Шум и ярость - страница 5
В процессе работы Фолкнер осознал символику «запачканных штанишек», и картина маленькой девочки на груше дополнилась иной: затравленной, потерявшей отца и мать девушки, которая, спустившись по дереву из окна, бежит из дома, где она не находит ни понимания, ни сочувствия, ни любви. Так в романе не только появилась Квентина, но и сложился образ, обозначивший «трагедию двух падших женщин, Кэдди и ее дочери»[8], как определил Фолкнер тему книги. Если вспомнить тот непомерный культ неприступной и одновременно общительной «прекрасной дамы-южанки», издавна царивший в среде рабовладельческой аристократии, если учесть также замечание Фолкнера, что книга «должна была стать повестью о том, как на кровь нашла порча»[9], то авторское определение темы не покажется чересчур узким.

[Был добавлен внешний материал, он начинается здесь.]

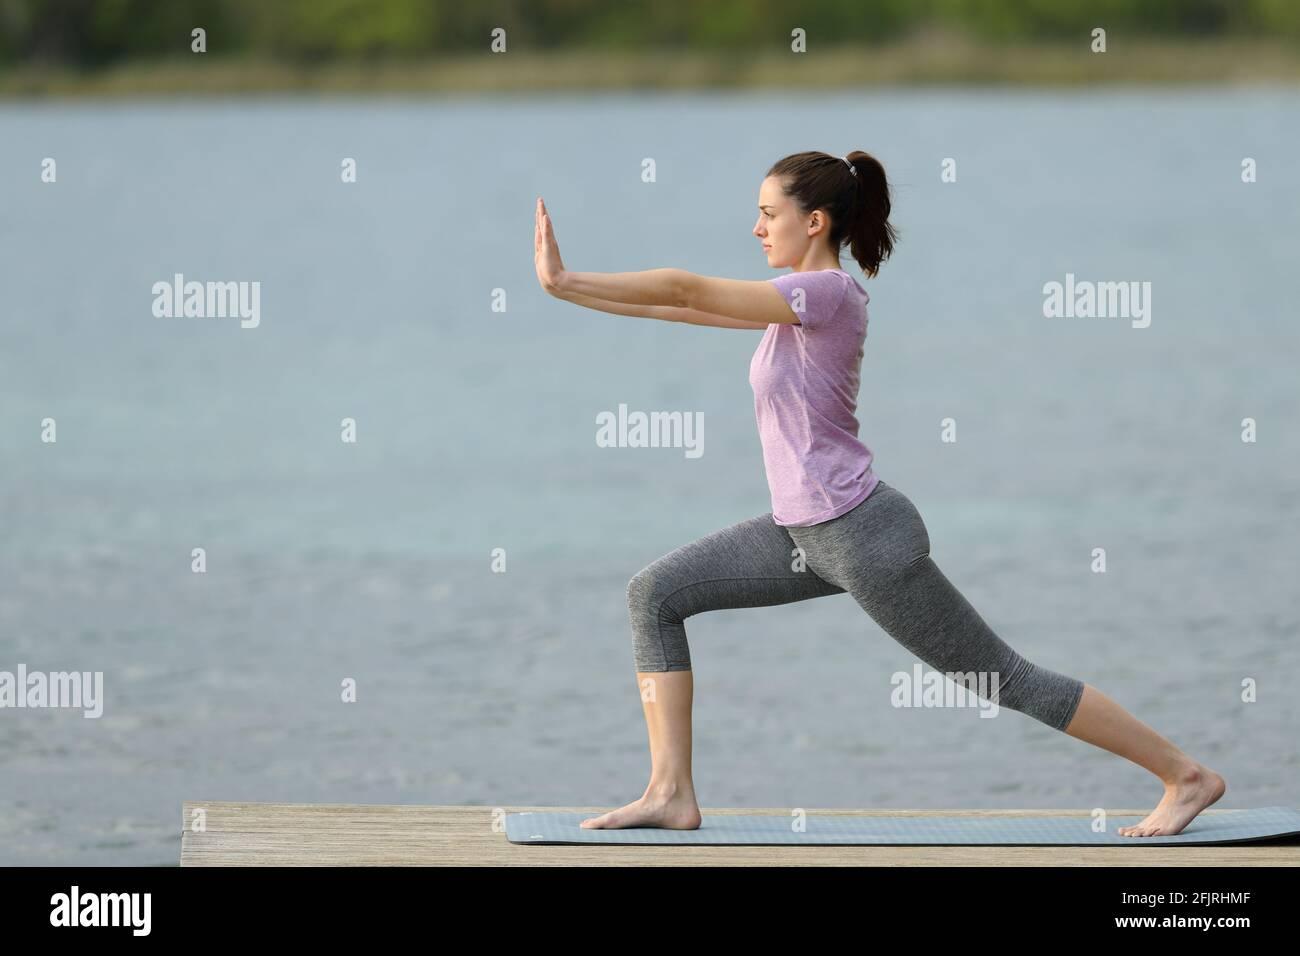 Vue latérale d'une femme effectuant un exercice de tai chi en été, dans une jetée de lac Banque D'Images

Говоря о «Шуме и ярости» как о романе потока сознания, никак нельзя упускать из виду, что этот термин весьма условен и даже заслоняет существенные различия характеров, особенности их мировосприятия. Три «компсоновских» части книги демонстрируют три типа сознания: неразвитое, наивное, непосредственное доречевое сознание Бенджи, неспособного к сколько-нибудь логичному мышлению; романтико-метафизическое, отягощенное онтологическими и этическими категориями (бытие, время, честь, грех) сознание Квентина и прагматическое, вульгарное, устремленное единственно к удовлетворению собственного интереса сознание Джейсона.
Соответственно часть, отданная Бенджи, представляет собой вереницу картин, то более или менее подробных, широких, то коротких, отрывочных, как вспышки молнии, возникающих чуть ли не на уровне ощущений и фотографически фиксирующих окружающих, их разговоры, физический облик предметов, запахи, цвета, формы чувственного мира. Проблески его памяти то и дело выхватывают из прошлого голоса, движения, образы, но поскольку время для Бенджи утратило свою протяженность, все они Сходятся в единое «здесь» и «сейчас».
Говорят, что самые яркие впечатления — это впечатления детства. Чаще всего проблески памяти Бенджи переносят нас к моменту смерти бабушки, в тот день в 1898 году, точнее вечер, когда детей ведут ужинать в кухню и не велят шуметь, и они видят озабоченного отца, слышат плач матери в комнатах и чувствуют, что в доме поселилось несчастье. В совокупности эти полтора-два десятка ретроспекций (из шестидесяти с небольшим) и составляют тот первоначально задуманный бесхитростно-поэтичный и щемящий душу рассказ о детях, которые со своими простодушными шалостями и ссорами, заботами и забавами оказываются на пороге непонятного, почти чуждого трагифарсового мира взрослых, где мирно сосуществуют добро и зло, бесшумно кипят необузданные страсти, невидимо разыгрываются спектакли эгоизма и вины, и они почище тех представлений, что покажут в Джефферсоне заезжие циркачи на пасху, потому что люди, как учил своих повзрослевших детей старый Компсон, «всего-навсего труха, куклы, набитые опилками, сметенными с мусорных куч, где все прежние куклы валяются и опилки сыплются из ничьей раны, ни в каком боку…»
Сбивчивая цепь картин-воспоминаний Бенджи — это и цепь утрат, которые выпали на долю этого несчастного, беспомощного существа. Умственно неполноценный От рождения, он в пятилетием возрасте лишается имени (а «имена менять — счастья не будет» — изрекает многомудрая негритянка Дилси), он слышит, как Кэдди, его прочнейшая привязанность и защита, пахнет уже не деревьями, а духами, тревожно ищет ее убегающие глаза, а после свадьбы — ее самое, видит, как исчезают и не возвращаются бабушка, Квентин, отец — «он все три раза чуял, когда их время приходило». И чем чаще и горше утраты, тем отчаяннее Бенджи тянется к людям, не к домашним — им уже не до него, — а к игрокам в гольф, к школьницам, проходящим мимо калитки, где он, плача, напрасно высматривает уехавшую Кэдди. Забор, вдоль которого взад и вперед, точно в загоне, с воем бегает Бенджи, и его немота — два высоких символа трагически необратимой отгороженности от мира. Как князь Мышкин у Достоевского «мучился глухо и немо» от того, что «один он… ничего не понимает, ни людей, ни звуков, всему чужой и выкидыш», так и фолкнеровский идиот пытается выразить себя и — не может: «Я сказать хочу, но они уходят, я иду забором и хочу сказать, а они все быстрей. Вот бегом уже, а забор кончился, мне дальше некуда идти, я держусь за забор, смотрю вслед и хочу выговорить».